O Ministério da Educação (MED) e o Ministério do Ensino Superior, Ciência, Tecnologia e Inovação (MESCTI) de Angola estão a negociar com o Banco Mundial (BM) e o Banco Africano de Desenvolvimento (BAD) planos de financiamento para projectos específicos a desenvolver nos respectivos sectores.

De acordo com o secretário de Estado para o Ensino Superior, Eugénio Adolfo Alves da Silva, que avançou a informação aos jornalistas à margem da 2ª Edição do Fórum Tecnologia e Educação- realizado há dias, em Luanda, o financiamento se destinará à formação profissional, criação de oferta formativa pós-graduada, formação de profissionais ao nível de mestrado e doutoramento.

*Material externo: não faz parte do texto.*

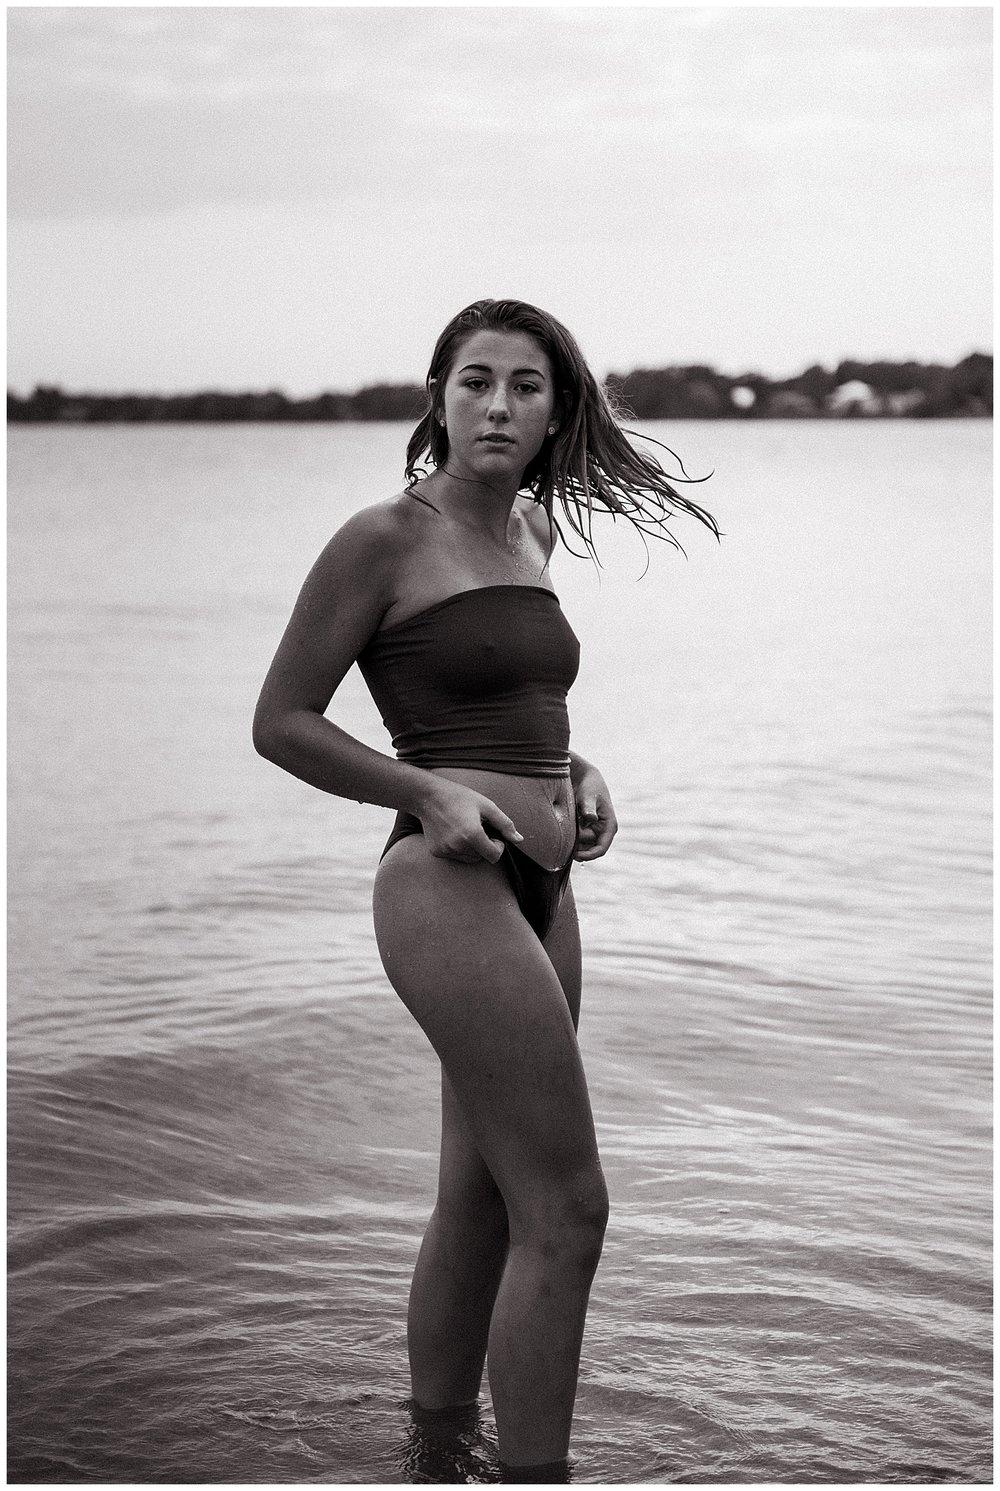 Holly McMurter Photographs | Prince Edward County Beach Boudoir

“São somas realmente avultadas e que podem ajudar a formar estes profissionais, a desenvolver a tecnologia, a criar oferta formativa no país, a nível de cursos de graduação e pós-graduação que possam contribuir para formação de profissionais aqui no país”, referiu o responsável.

Eugénio da Silva realçou a importância que a educação tem no desenvolvimento tecnológico, considerando ser um processo através do qual se promove a transmissão e assimilação do conteúdo científico, tecnológico, modelos e técnicas que fazem parte do curriculum.

“Portanto a educação é o factor mais importante de formação e capacitação do capital humano. Do ponto de vista tecnológico, os estudantes de hoje devem ter conhecimento de tecnologia que possam usá-la e até desenvolvê-la para aplicar de acordo com as necessidades da economia, produção, desenvolvimento científico e tecnológico do país”, frisou.  

Sobre as dificuldades da educação à distância, o secretário de Estado para o Ensino Superior angolano explicou que “o novo paradigma” que se pretende abraçar implica que as instituições sejam capazes de apresentar um projecto de formação, neste âmbito, em vários cursos que obedeça algumas condições, “que passam por ter infra-estrutura tecnológica adequada, garantia do sistema viável de internet, profissionais, quadros gestores e docentes capacitados”.